Маша любила с ним играть и водила его на прогулки во двор. Однако с ежом появился определённый дискомфорт в доме: он очень громко (почти как человек) топал по ночам, даже бывало, будил нас. С этим недостатком можно было бы смириться при наличии положительных результатов в его охоте, но крысы не исчезали более того….
Однажды выйдя на кухню, Маша увидела, что из блюдца с молоком, которое мы ставили ежу на пропитание, пьёт не только он, но и… пара здоровенных крыс. Взяв кочергу, Маша их отогнала, загнав в угол, и позвала Анну. Та, не подозревая о причине вызова, вышла на кухню. Увидев ситуацию, с визгом убежала в комнату, оставив ребёнка «один на один» с тварями.
Меры всё же приняла — позвонила мне. Я поспешил на помощь — загнанная крыса опасна. (Был случай: в нашем дивизионе, загнанная в угол крыса откусила ребенку кончик носа).

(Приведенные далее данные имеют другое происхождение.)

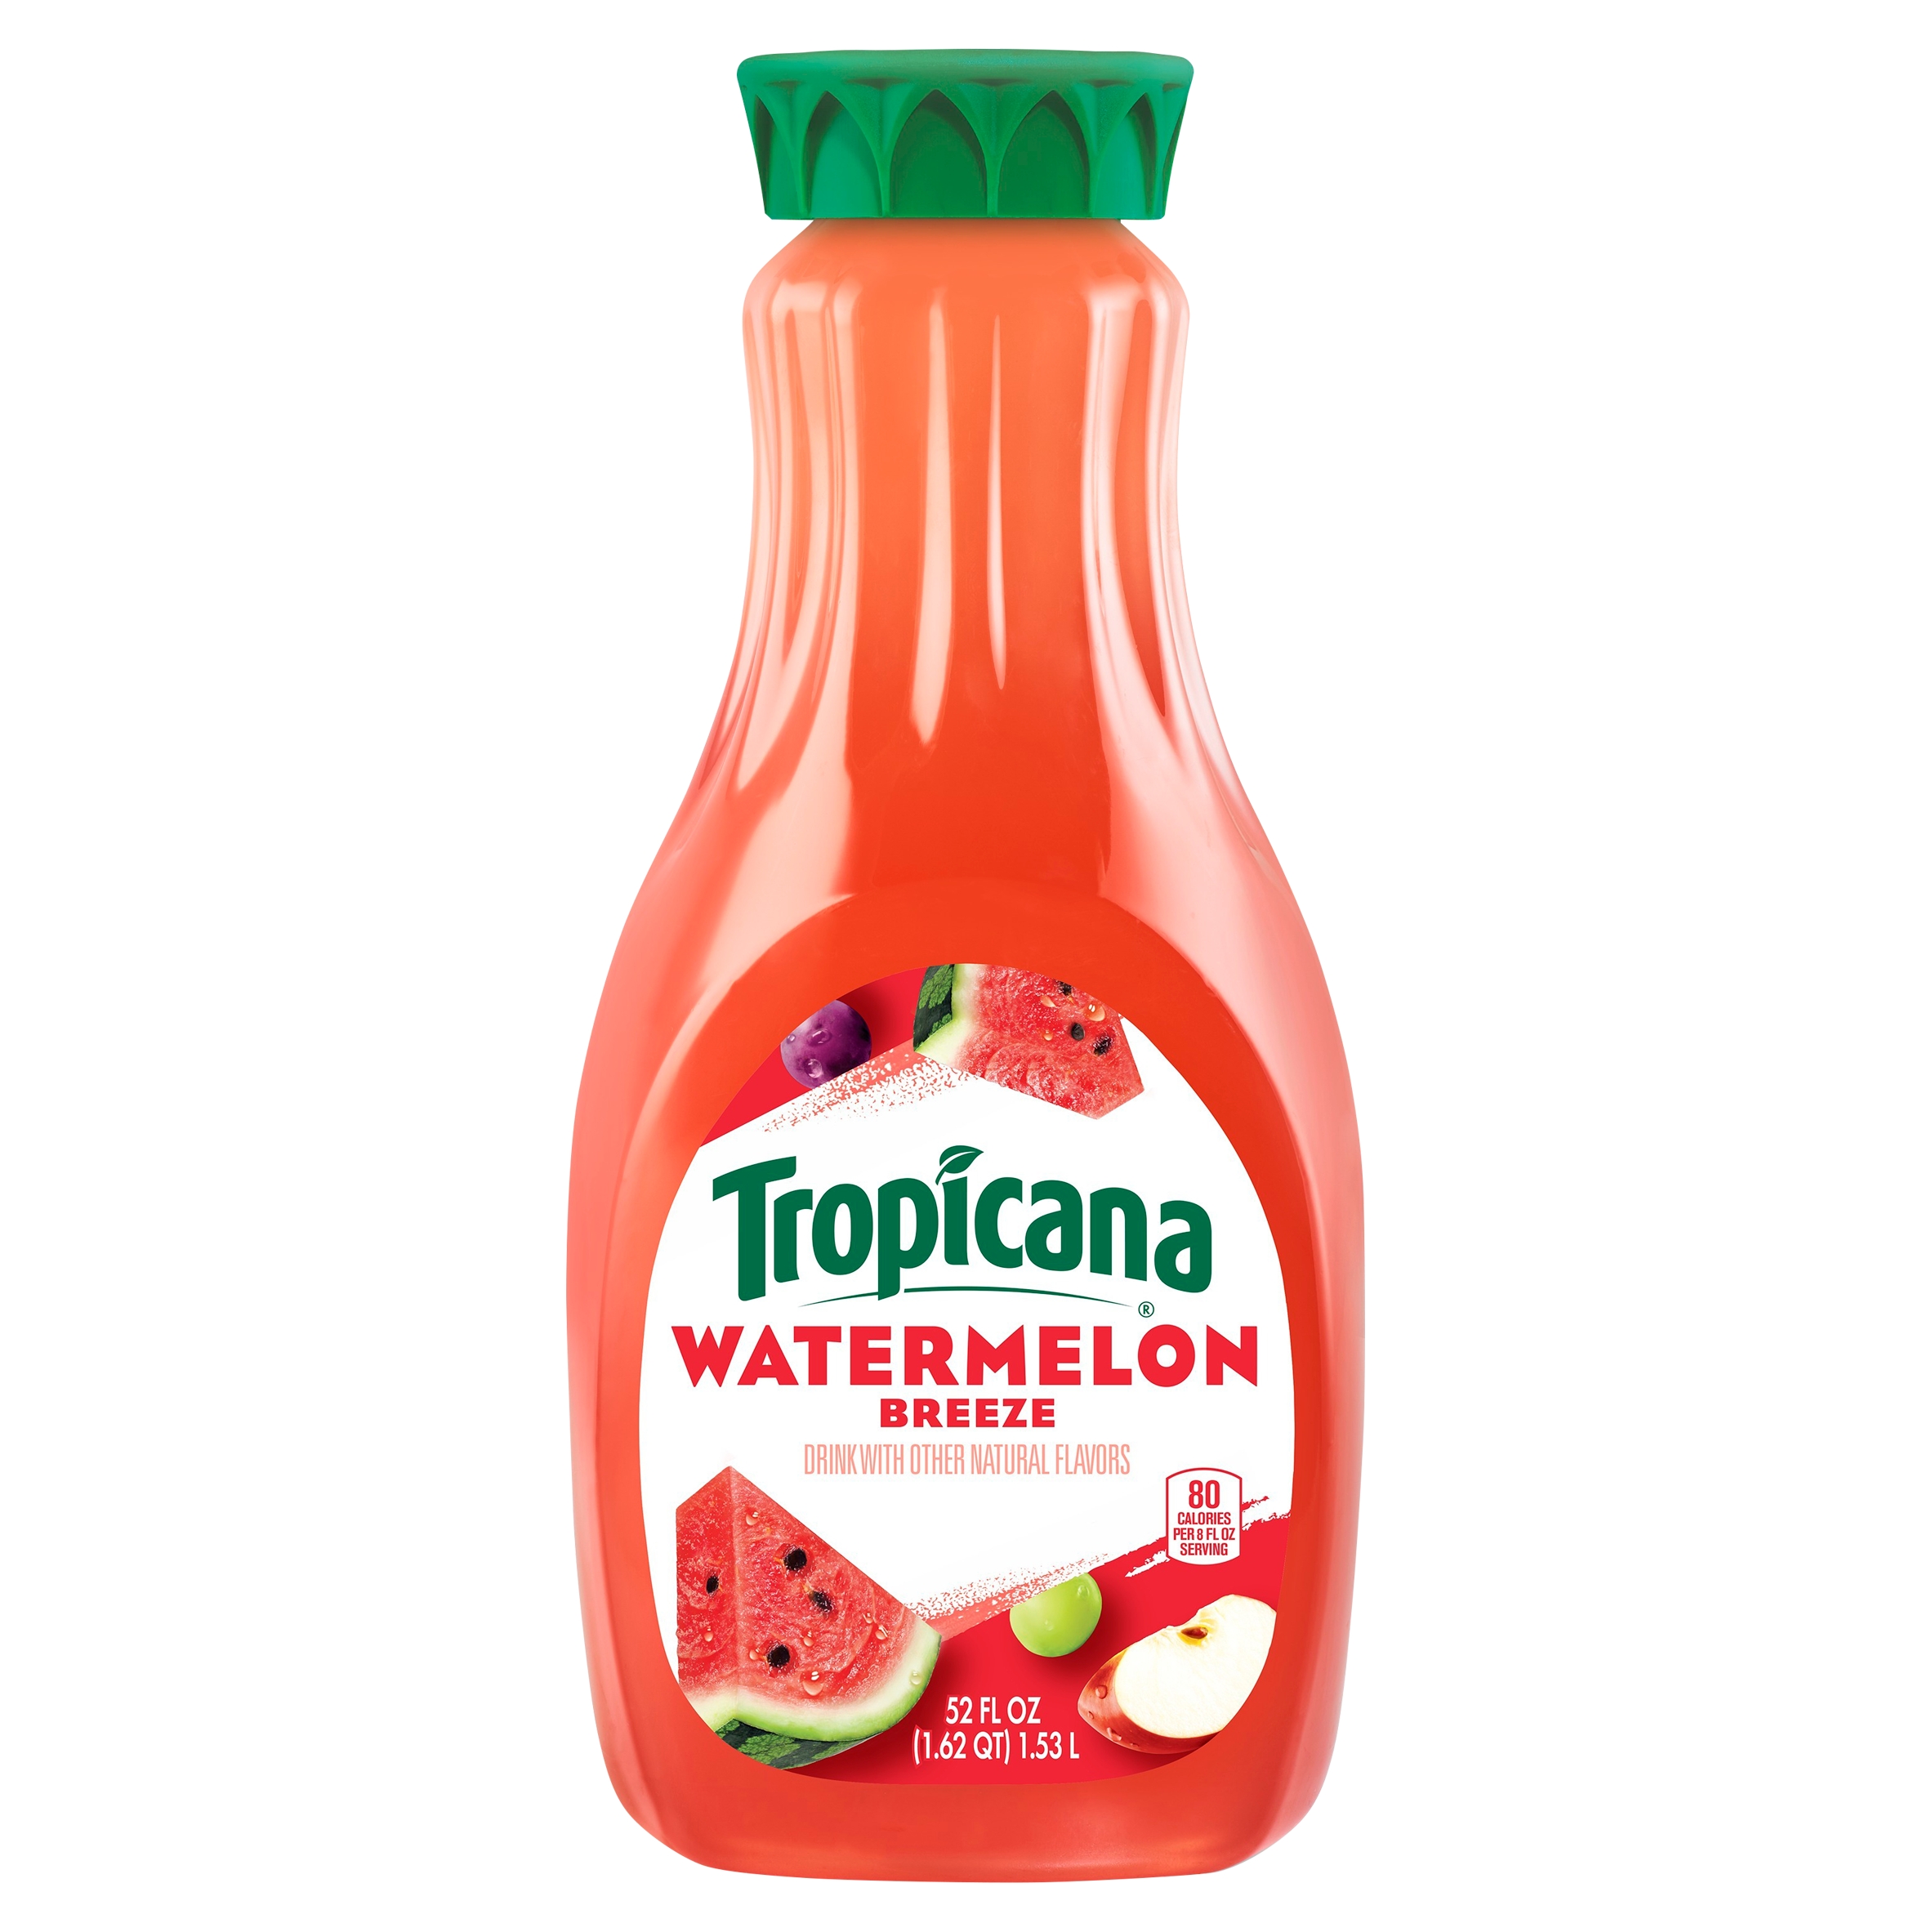 Tropicana Watermelon Breeze Juice Drink, 52 oz Bottle - image 1 of 8

Прибежал домой с работы я через десять минут и увидел, что одной крысе удалось спастись бегством, а другой Маша надёжно перекрыла пути отхода, не давая ретироваться. Крыса стояла, ощетинившись и готовая к нападению, однако Машулька совсем не боялась страшилища со здоровенным хвостом!
Вдвоём с Машей мы начали действовать. С крысой быстро расправились, и успокоенная Анна пришла на кухню.
Маша помогала мне ухаживать за кроликами, которых мы начали разводить ещё в 1978 году. Всё началось с того что завхоз притащил в дивизион огромного, чёрного, очень красивого кролика. Сказал, что эта порода называется «Королевский кролик» и он весит более четырёх килограмм. Зная жулика-завхоза я ему особо не поверил: у него всё что надо кому-нибудь всучить — «суперкоролевское».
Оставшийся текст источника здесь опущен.